Dwight Watt - Newspaper Article #92 2/16/2011


Question: Are JPEG images compressed?

Answer:

Most pictures taken on digital cameras are stored in JPEG (or also called JPG) format.

The camera can shoot pictures in a certain resolution like 6 megapixel and if the camera stored the picture as it saw it like that it would take about 6 million bytes (which is what a raw image or tif does). However we really don't need that big for several reasons so jpg.

The first reason for jpg is that it is smaller, but still quality so will travel in less time across networks and the Internet. The second is the size being stored. There is limited space on people's computers to store files so if compressed we can put more on the disk. This one is less an issue currently as disks have gotten so large and cheap but space limited on phones etc.

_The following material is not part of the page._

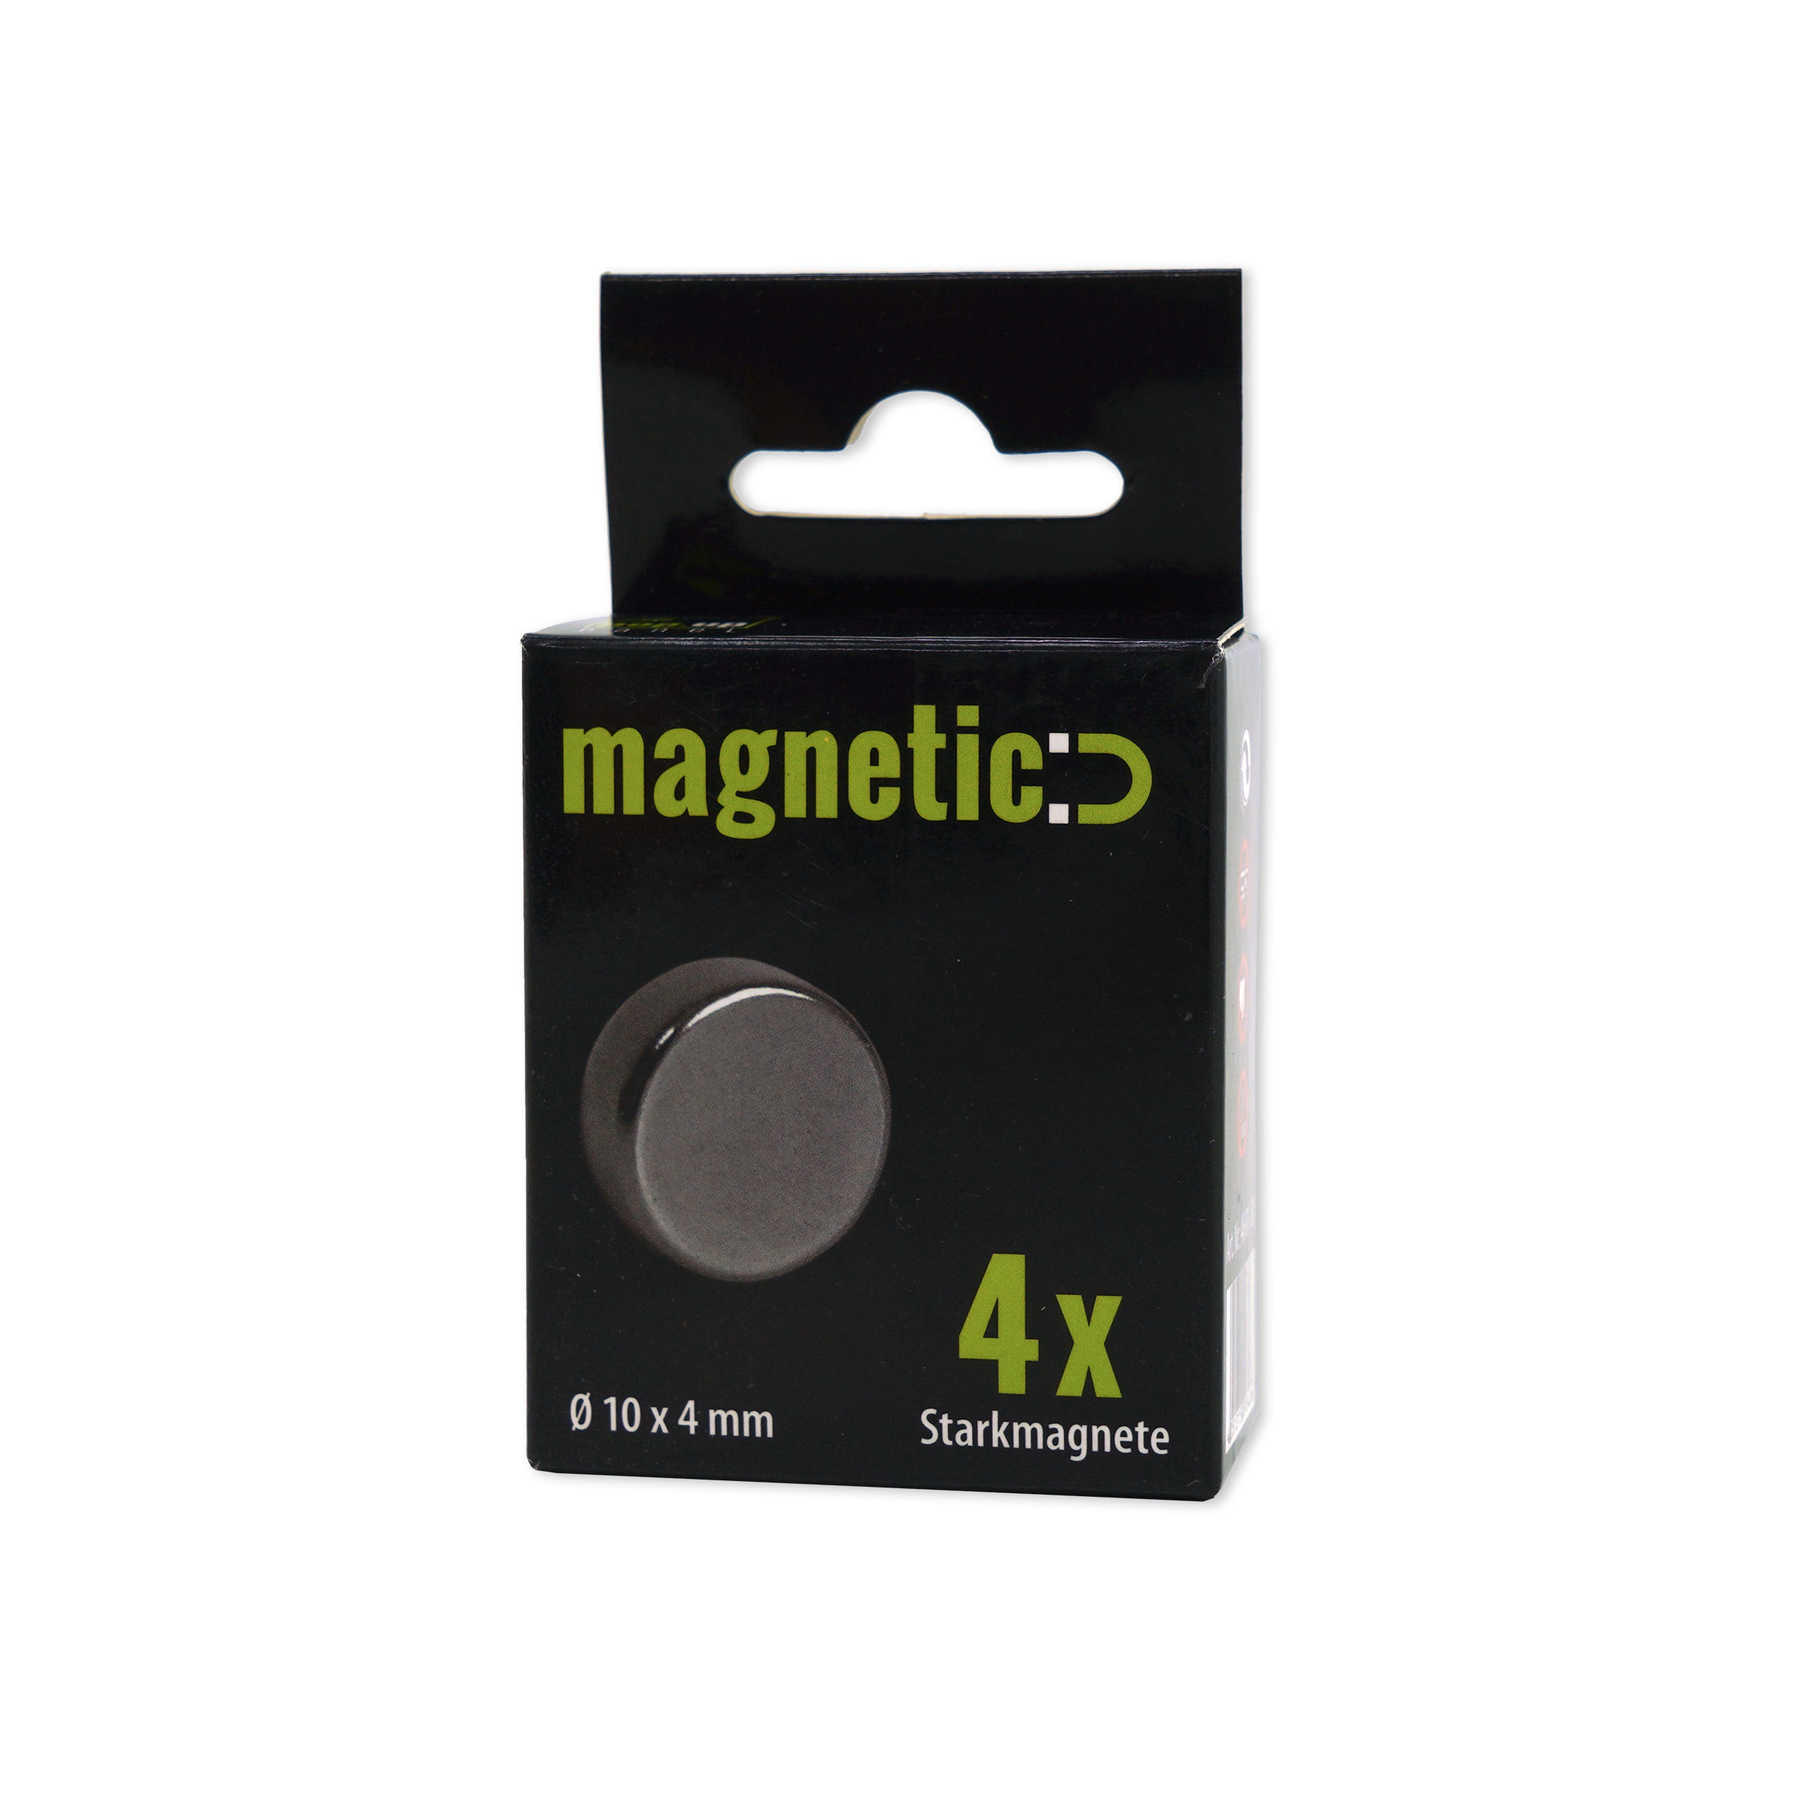             Set van 4 ronde sterke magneten in 10 x 4 mm

Now for the problem with JPEG files. When we compress them they lose some quality. It is not much but is a little. Basically there are algorithms (mathematical formulas) that are used on the characters that represent all the points in the picture (a picture on the computer is just a bunch of little dots (called pixels) and it notes which ones repeat and ones almost same as others and then just remember number of times on each. That is the process simplified but basic.

Usually when you look at an original jpg picture unless blown up to much, it is fine. However when you edit a picture it is uncompressed and then recompressed when it is saved. If you edit the edited picture the quality starts going. It is like making copies of copies (remember what happened in cloning in Multiplicity). If you are editing pictures keep the original as a unique name and then keep edited as different name and go back to original to do edits.